2024-10-20

What is Survival Analysis?

  • Survival analysis studies the time until one or more events (e.g., death, failure) occur.
  • Widely used in medicine to analyze survival time after treatments or for comparison across patient groups.
  • Goal: Estimate the survival function \(S(t)\), compare survival between groups, and understand risk factors.

Key Concepts

  1. Survival Function \(S(t)\):
    • The probability of surviving beyond time \(t\). \[ S(t) = P(T > t) \]
  2. Hazard Function \(h(t)\):
    • The instantaneous risk of an event occurring at time \(t\), given survival until time \(t\). \[ h(t) = \frac{f(t)}{S(t)} \]
  3. Censoring:
    • Not all patients reach the event by the end of the study (censored data is common).

Kaplan-Meier Survival Curve

Kaplan-Meier survival curves estimate survival probabilities over time for different groups.

data <- data.frame(
  time = c(5, 8, 12, 15, 18, 22, 25, 30, 32, 35),
  status = c(1, 1, 0, 1, 1, 0, 0, 1, 0, 1),
  group = factor(c(1, 1, 1, 1, 2, 2, 2, 2, 2, 2))
)

km_fit <- survfit(Surv(time, status) ~ group, data = data)

km_data <- data.frame(time = km_fit$time, 
                      surv = km_fit$surv, 
                      strata = rep(levels(data$group),
                                   times = km_fit$strata))

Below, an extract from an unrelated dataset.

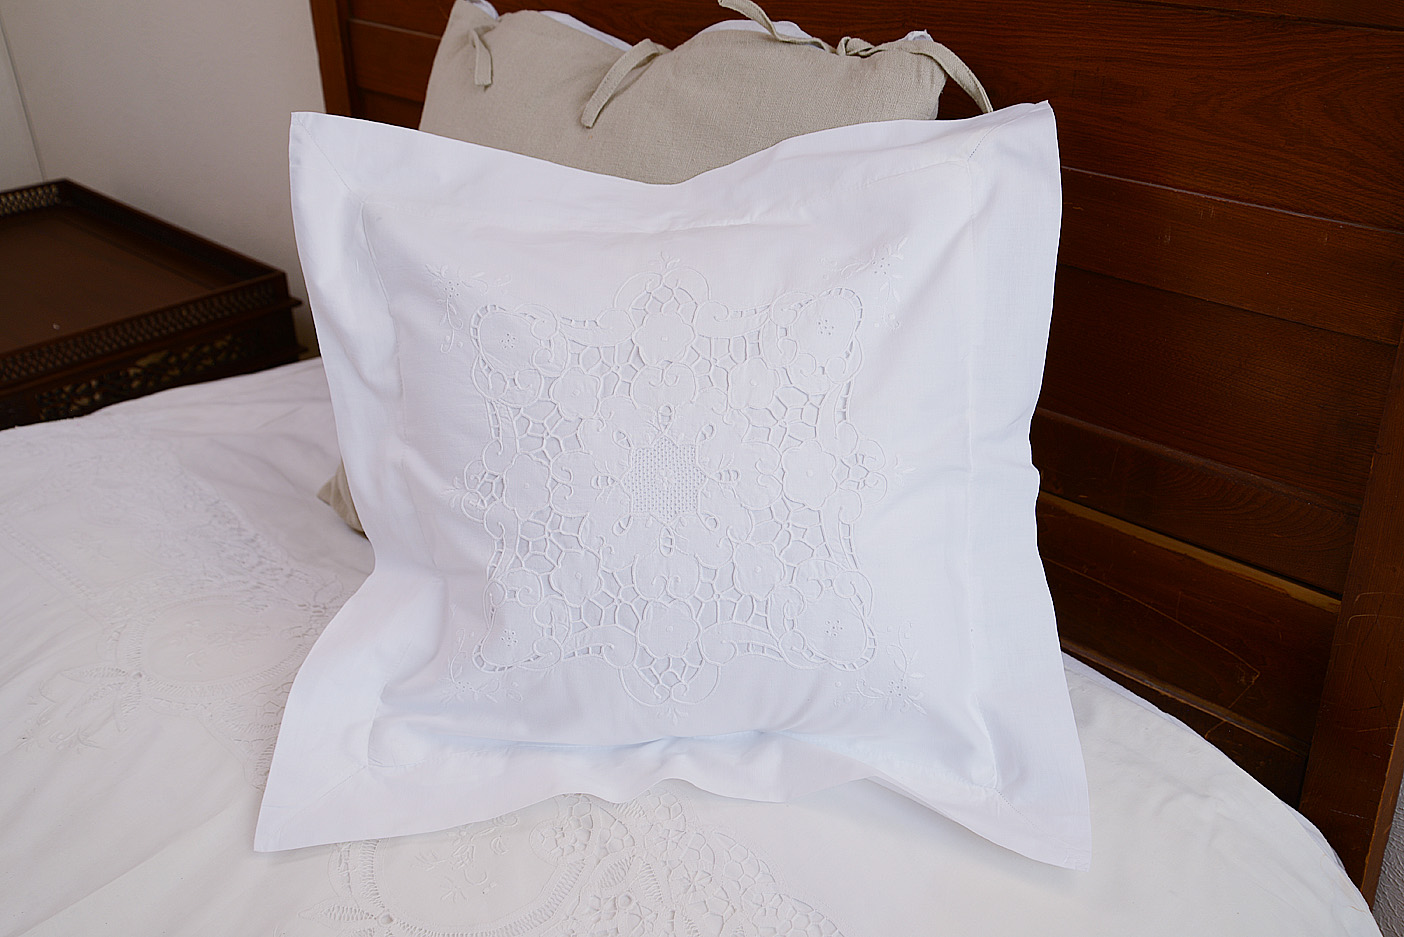 victorian hand embroidered cotton pillow sham, 18" x 18" square.

g <- ggplot(km_data, aes(x = time, y = surv, color = strata)) +
  geom_step(linewidth = 1.2) +
  labs(title = "Kaplan-Meier Survival Curve", 
       x = "Time",
       y = "Survival Probability") +
  theme_minimal()

g

3D Plot of Survival Probability Over Time

Visualize survival probability over time in 3D.

Cumulative Hazard Plot

The Nelson-Aalen estimator provides the cumulative hazard function, which shows the accumulated risk of experiencing an event over time.

Kaplan-Meier Estimator

The Kaplan-Meier Estimator is defined as:

\[ S(t) = \prod_{t_i \leq t} \left( 1 - \frac{d_i}{n_i} \right) \]

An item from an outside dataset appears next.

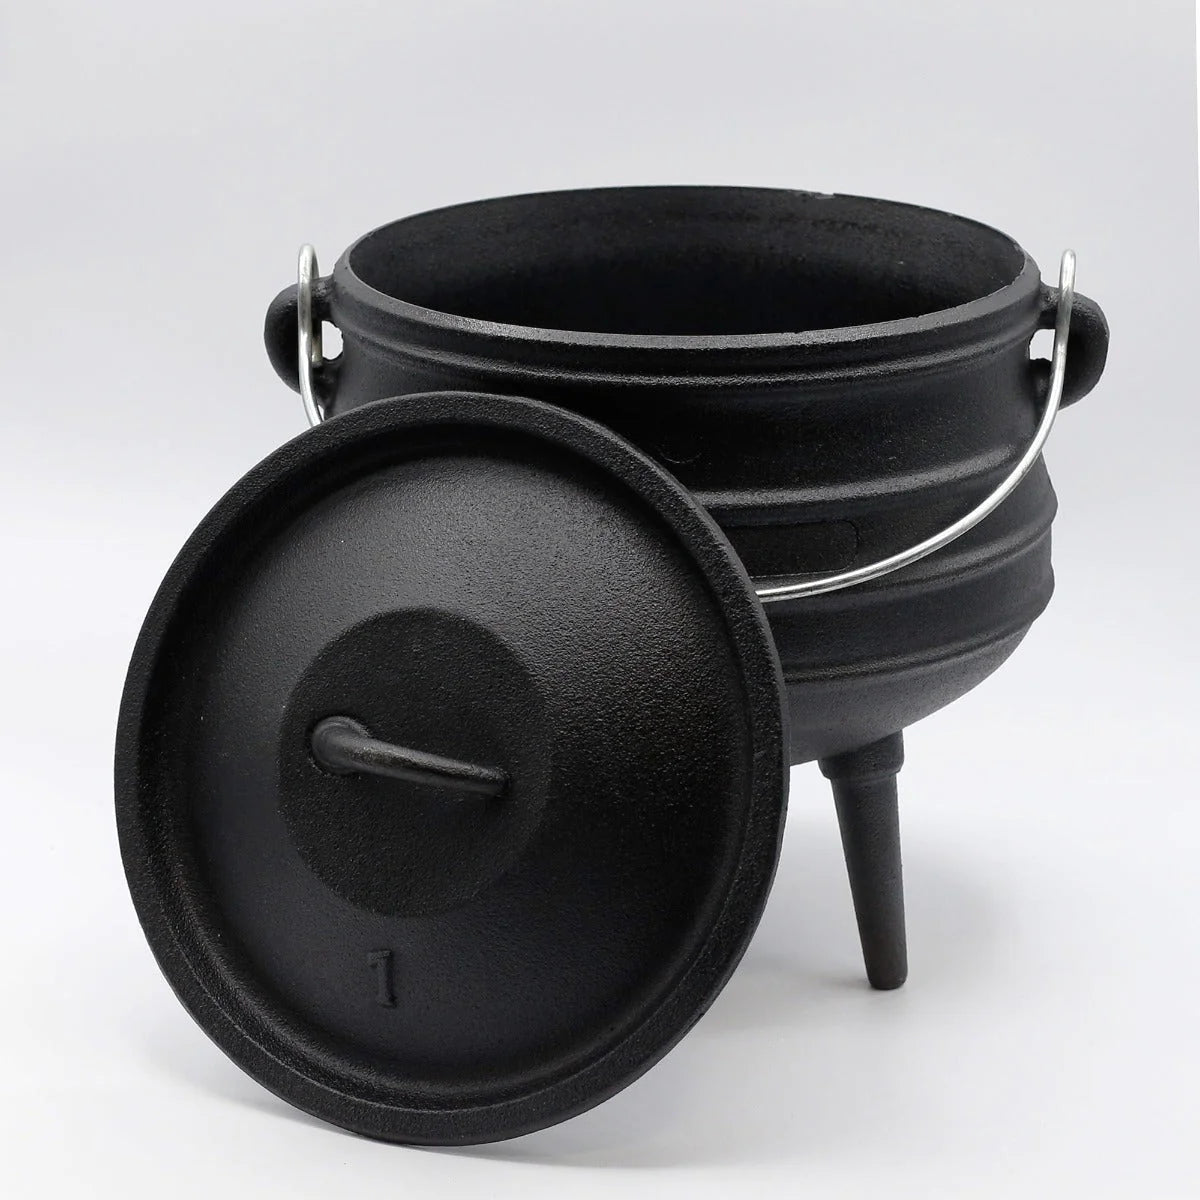 Traditional Potjie Pots  Witchcraft Ritual Supplies

Where: - \(t_i\) is the time of the \(i\)-th event. - \(d_i\) is the number of events at time \(t_i\). - \(n_i\) is the number of individuals at risk just before \(t_i\).

Hazard Function

The hazard function describes the risk of failure at any time \(t\), given survival until that time:

\[ h(t) = \lim_{\Delta t \to 0} \frac{P(t \leq T < t + \Delta t \mid T \geq t)}{\Delta t} \]

Where \(T\) is the time-to-event random variable.

Conclusion

  • Survival Analysis is essential in medicine to estimate survival times and compare treatments.
  • The Kaplan-Meier Estimator provides a non-parametric estimate of survival.
  • The hazard function helps describe the risk of failure over time.